INFORMATION SUPPLIED –
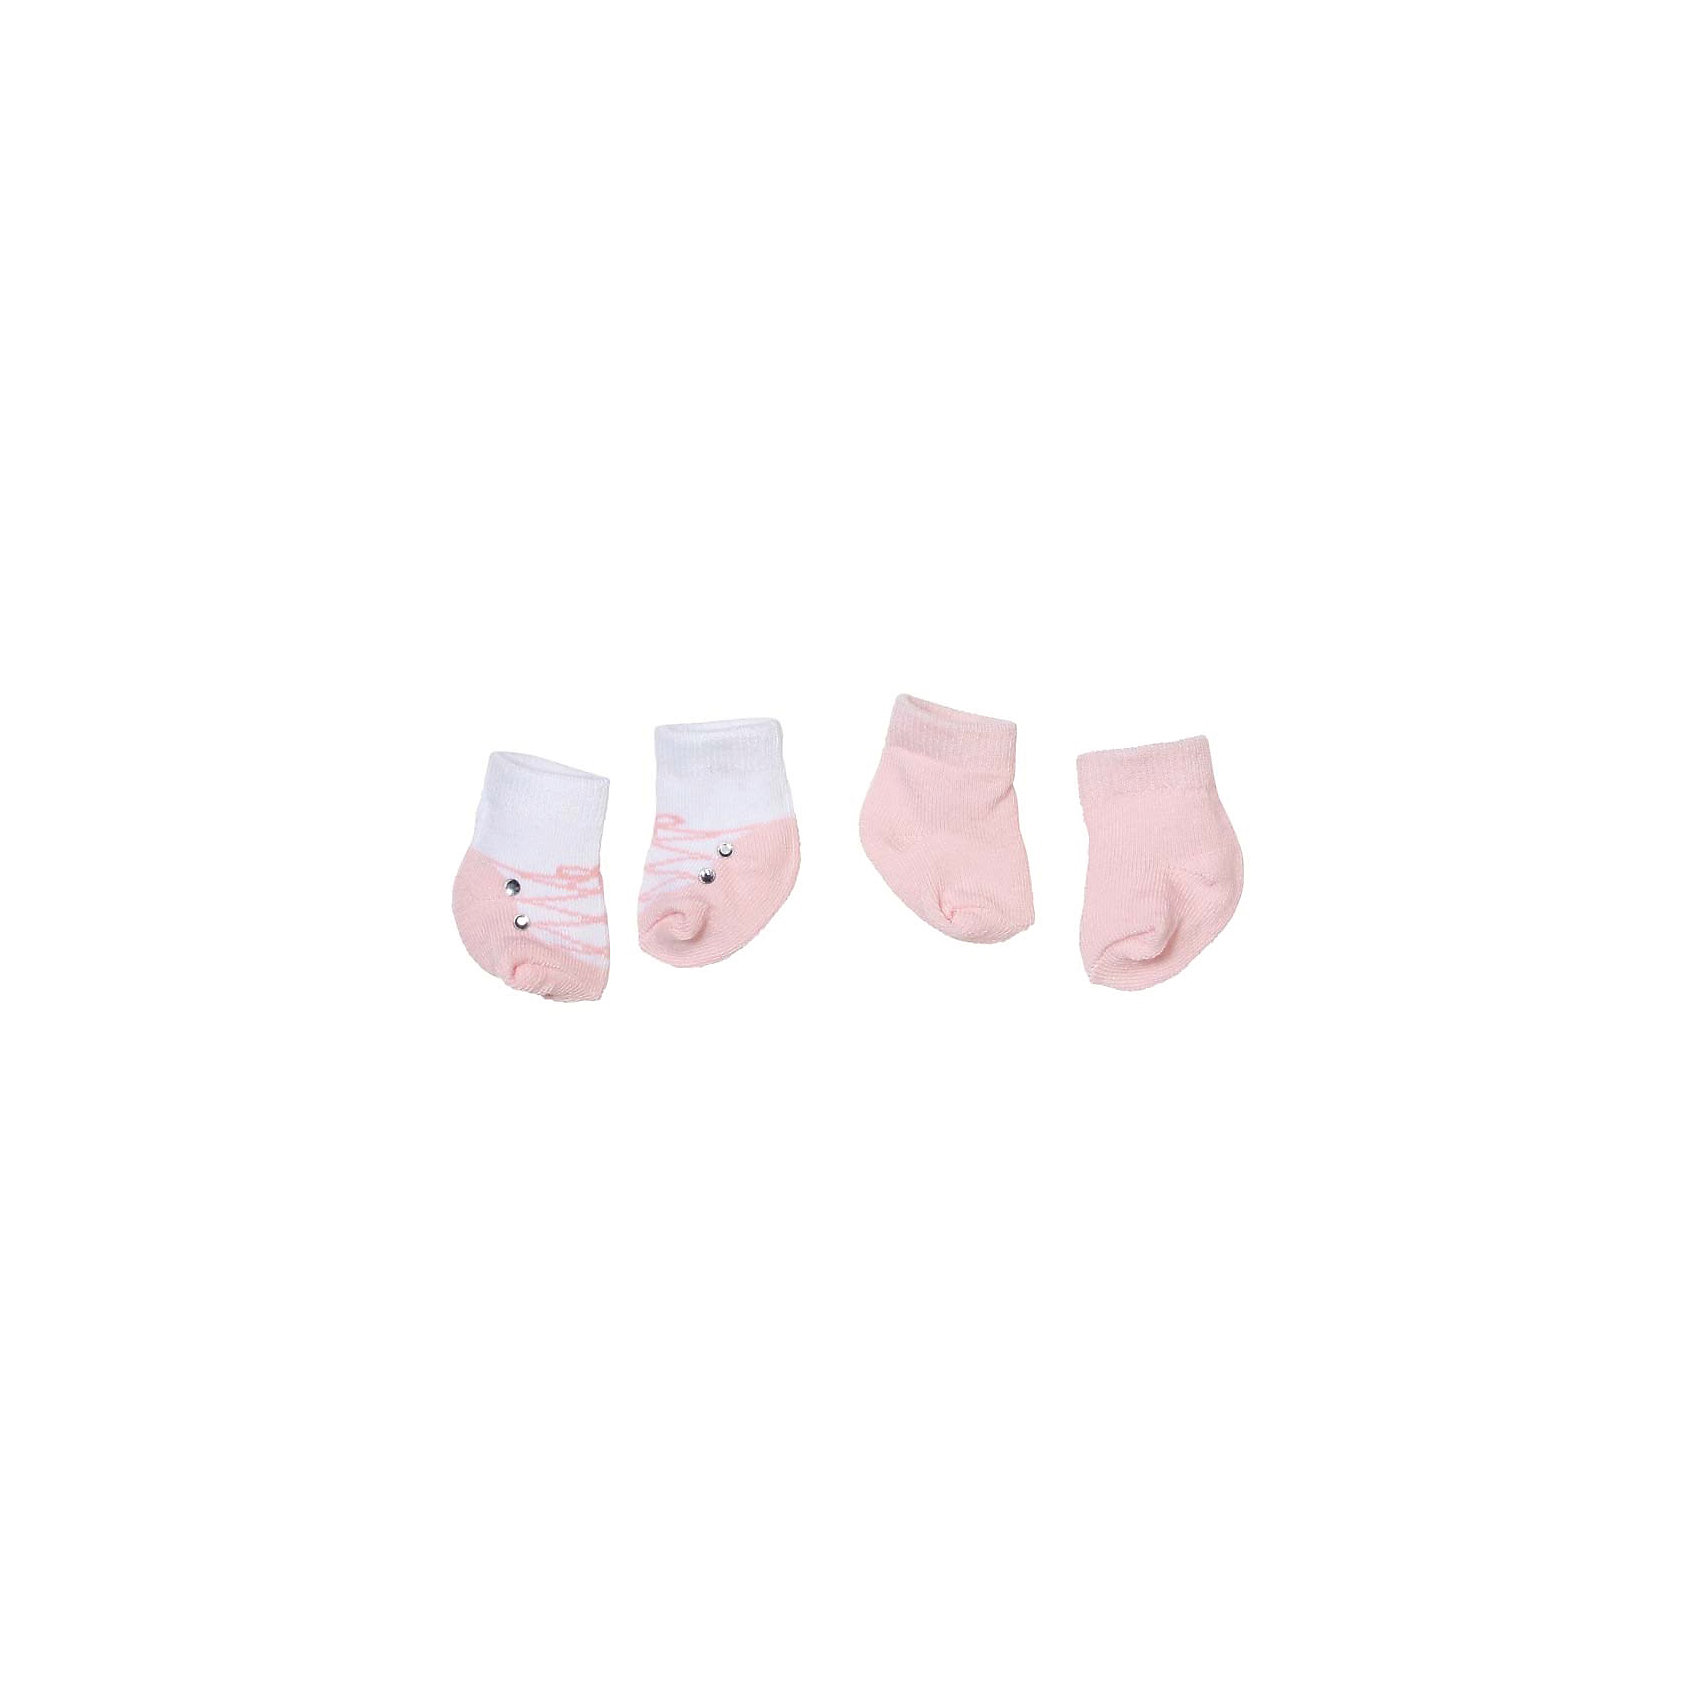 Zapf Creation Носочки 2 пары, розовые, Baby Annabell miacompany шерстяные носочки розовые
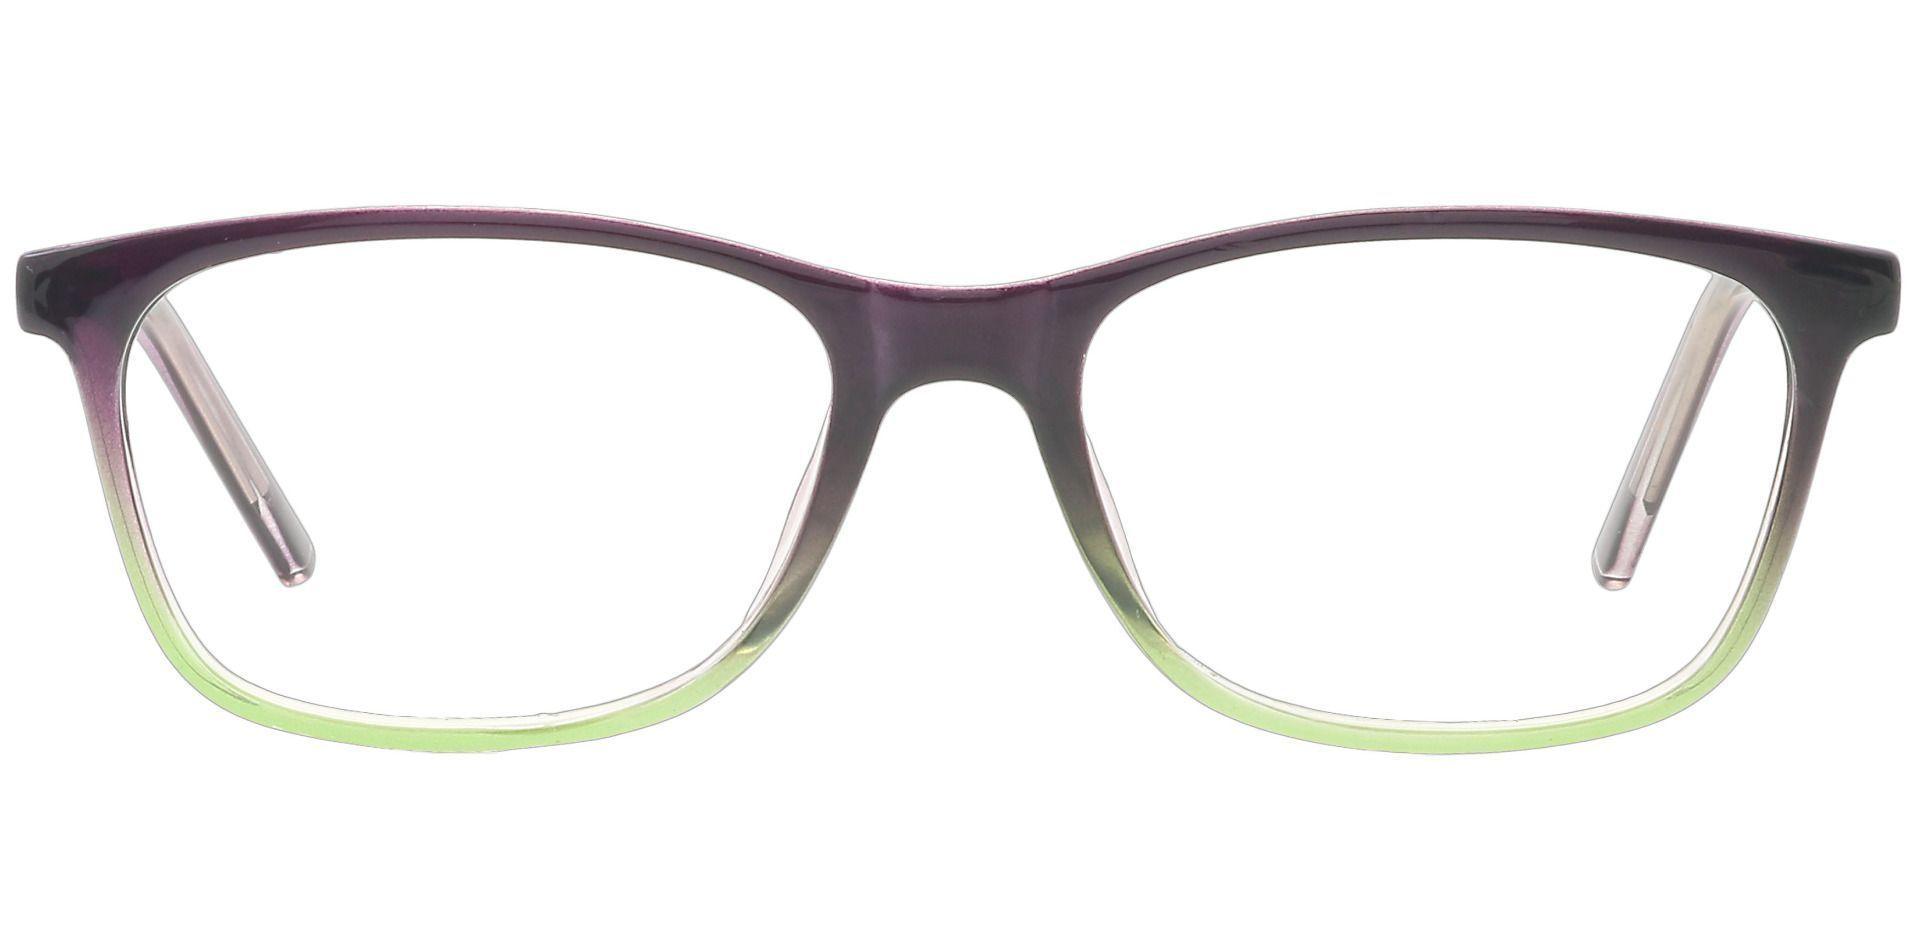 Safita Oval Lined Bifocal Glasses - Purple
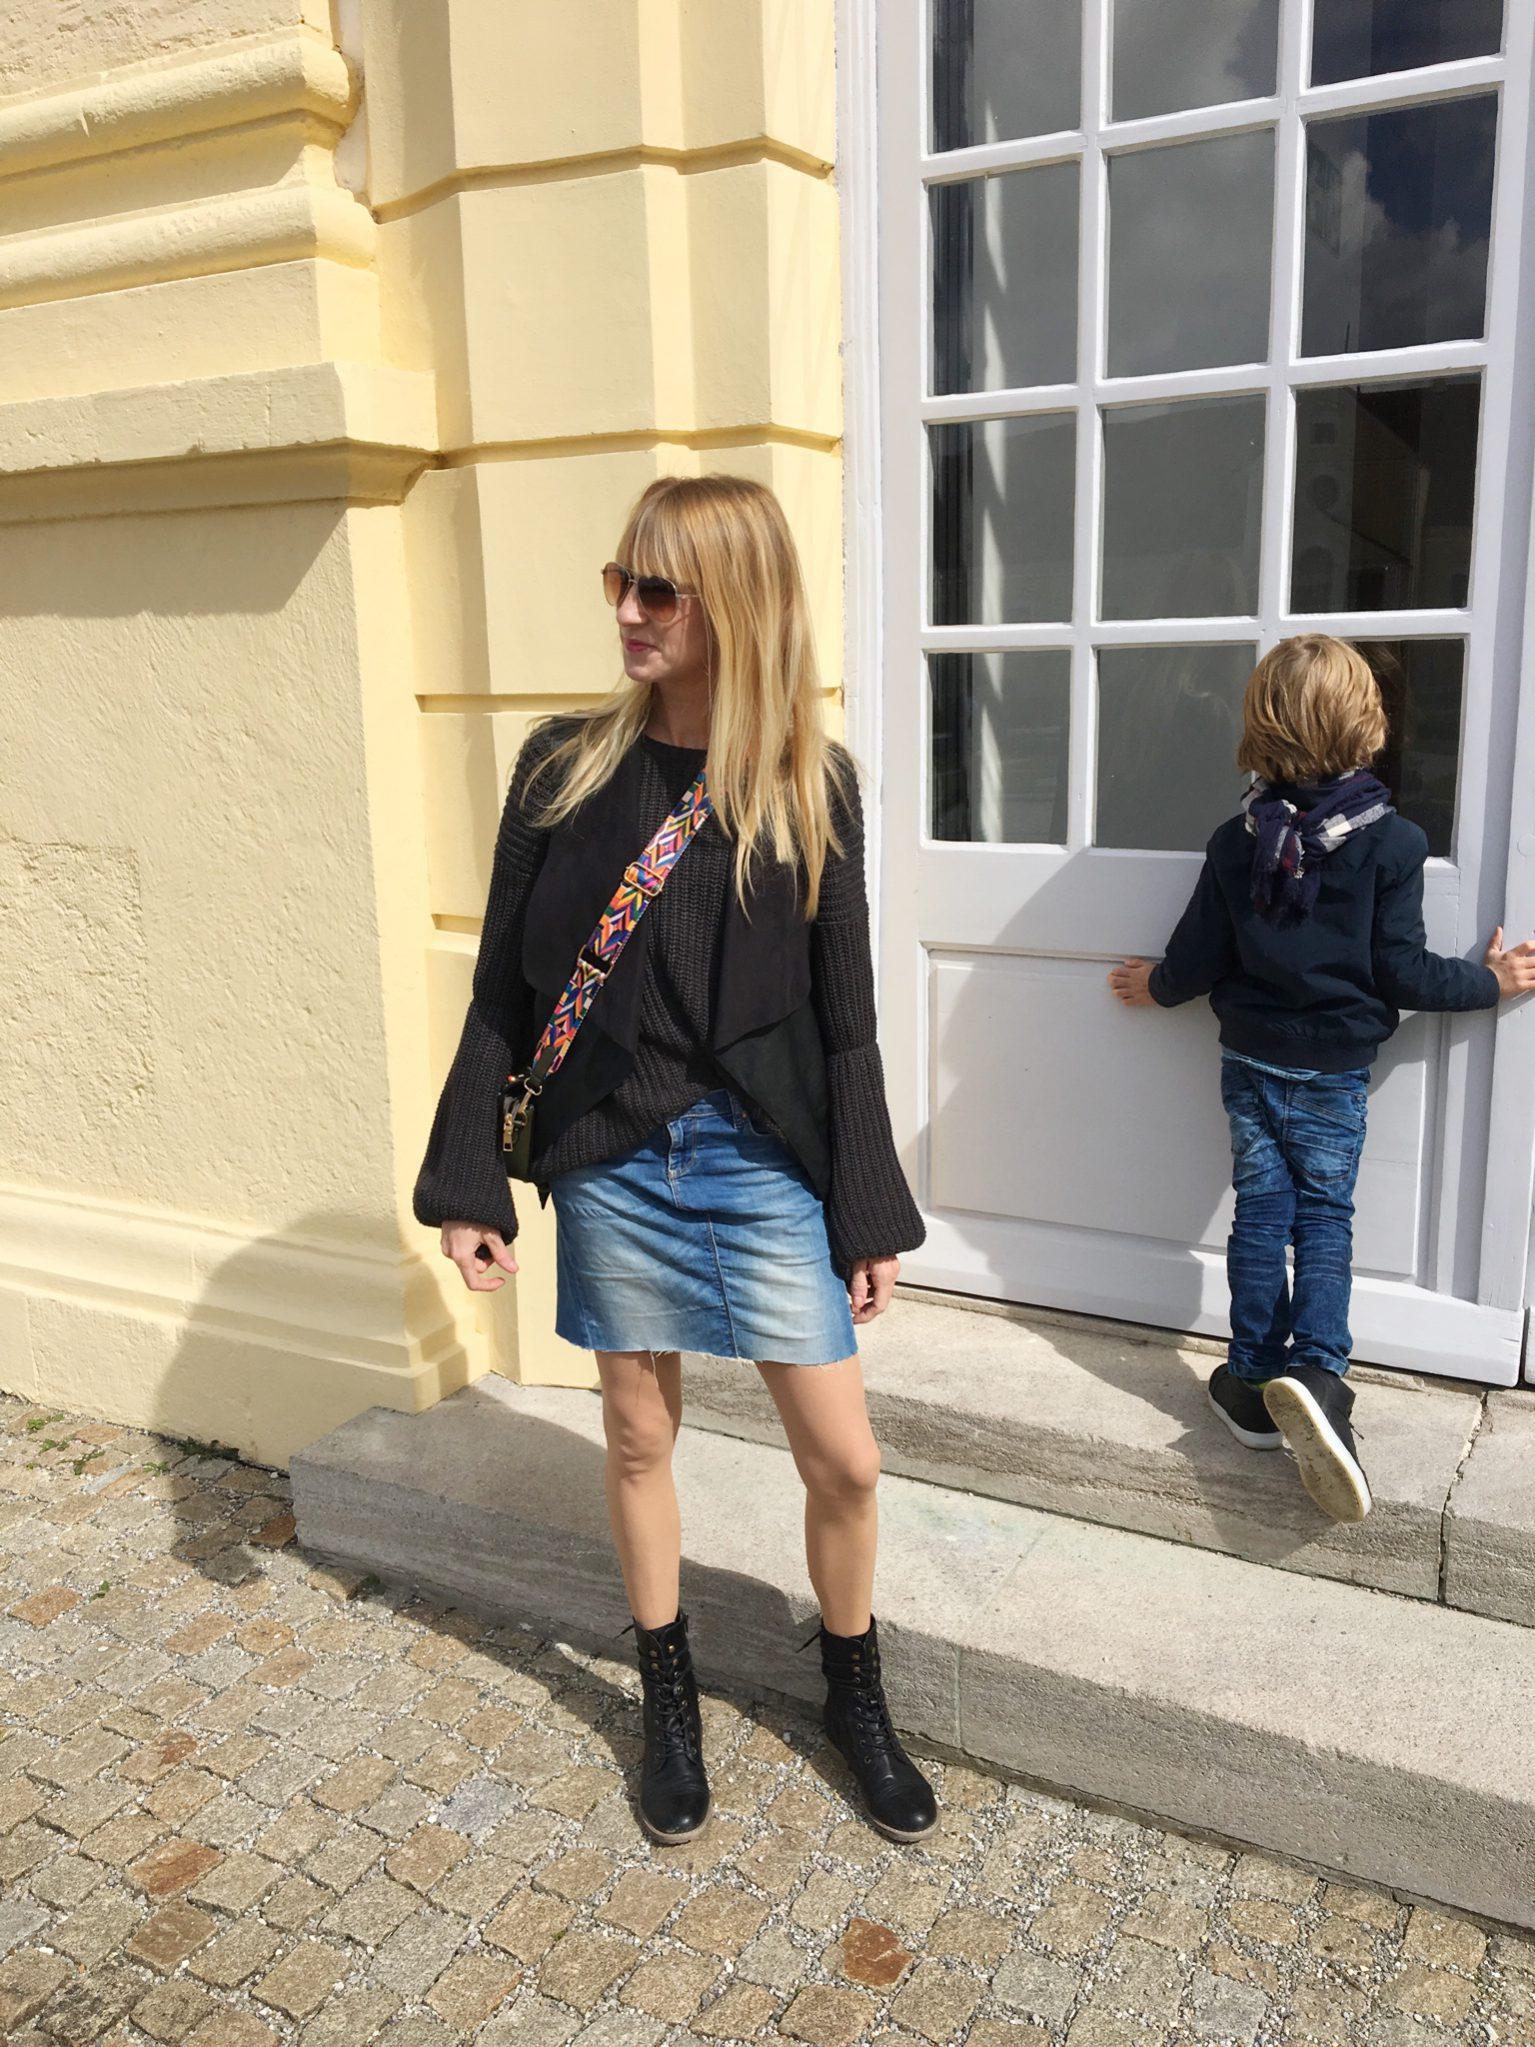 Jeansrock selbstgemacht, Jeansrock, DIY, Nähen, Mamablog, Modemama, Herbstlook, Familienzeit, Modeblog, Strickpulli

YOUR ASSIGNMENT – Leave out the pictures and print every line of the data exactly.

SOLVED PROBLEM –
 Zapf Creation Носочки 2 пары, розовые, Baby Annabell miacompany шерстяные носочки розовые
 Safita Oval Lined Bifocal Glasses - Purple
 Jeansrock selbstgemacht, Jeansrock, DIY, Nähen, Mamablog, Modemama, Herbstlook, Familienzeit, Modeblog, Strickpulli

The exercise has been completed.